The court’s participating liberal members—Justice Elena Kagan is recused—suggested the Texas plan met the requirements of the court’s 2003 decision in Grutter v. Bollinger, which upheld the limited use of race in an individualized admissions process at the University of Michigan Law School.

“Are you asking us to overrule Grutter?” Justice Stephen G. Breyer asked Rein, as he referenced that decision’s suggestion that affirmative action in college admissions would be unnecessary within 25 years of 2003. “I know that time flies, but only nine of those years have passed.”

Rein said Abigail Fisher, the white student who was denied admission under the Texas plan in 2008, was not arguing for Grutter to be overruled. Rather, the Texas plan did not meet that decision’s test for a narrowly tailored use of race only when race-neutral alternatives had been tried.

“Race should have been a last resort,” Rein said. “It was a first resort.”

Justice Ruth Bader Ginsburg said the Texas plan was “certainly no more aggressive” in its use of race “than the one in Grutter.
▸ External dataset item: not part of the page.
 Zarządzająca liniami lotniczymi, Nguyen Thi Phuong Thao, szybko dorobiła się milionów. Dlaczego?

It’s more, in fact, more modest.”

Because a lower court upheld the Texas plan, the court’s four conservatives would have to attract at least one more vote, most likely Kennedy’s, to strike down the plan. If Kennedy were to join with Ginsburg, Breyer, and Sonia Sotomayor, a 4-4 tie would uphold the lower court with no national precedent.
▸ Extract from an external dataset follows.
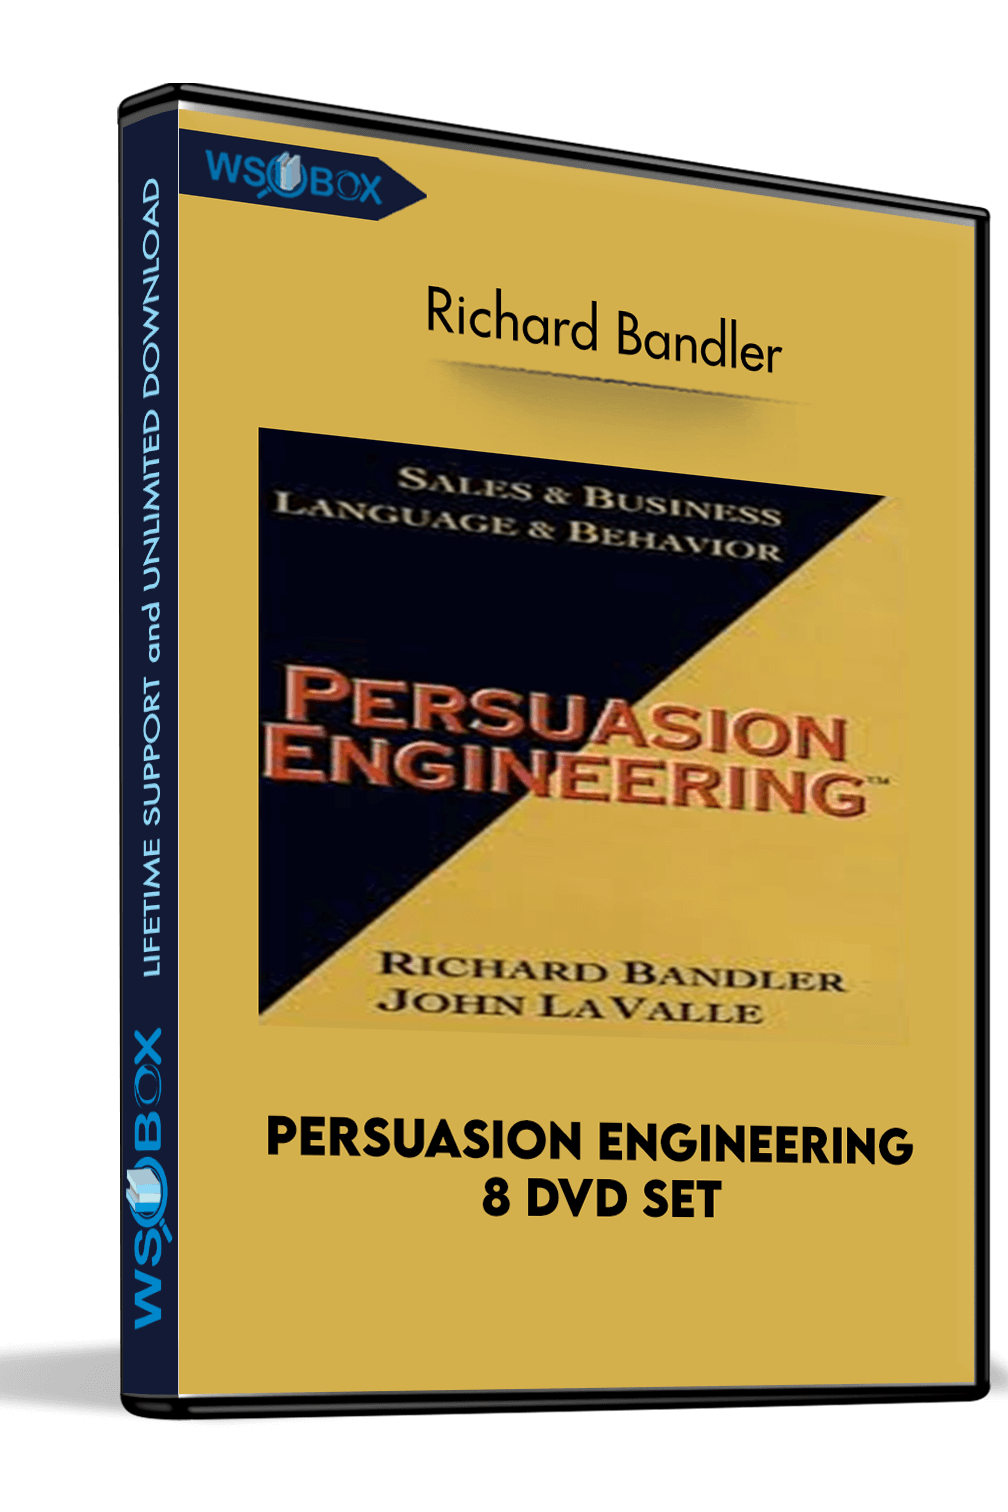 persuasion-engineering-8-dvd-set-richard-bandler

Justices Ginsburg and Sotomayor raised concerns about whether Fisher had proper legal standing and related jurisdictional issues. Because she is no longer seeking admission to UT-Austin, Fisher is now seeking a return of her $100 admissions fee, which her lawyer said was enough to keep her case alive. The jurisdictional issues were raised when Fisher appealed to the high court, so they came as no surprise to the justices. And conservative justices such as Antonin Scalia suggested that there were no procedural bars to the court deciding the merits of the case.

“She had to pay and admissions for for a process in which she was not treated fairly,” he said.
Present at Wednesday’s arguments were Fisher, a soft-spoken 22-year-old who just graduated from Louisiana State University, as well as William Powers, the president of the UT-Austin campus.

About 15 minutes into the argument, retired Justice Sandra Day O’Connor arrived to take a prominent seat in the court’s VIP section. She listened intently as the justices debated the fate of the 2003 Grutter decision, of which she was the author.

Photo: Abigail Fisher, who sued the University of Texas, walks outside the Supreme Court in Washington on Wednesday. The Supreme Court is taking up a challenge to a University of Texas program that considers race in some college admissions. The case could produce new limits on affirmative action at universities, or roll it back entirely.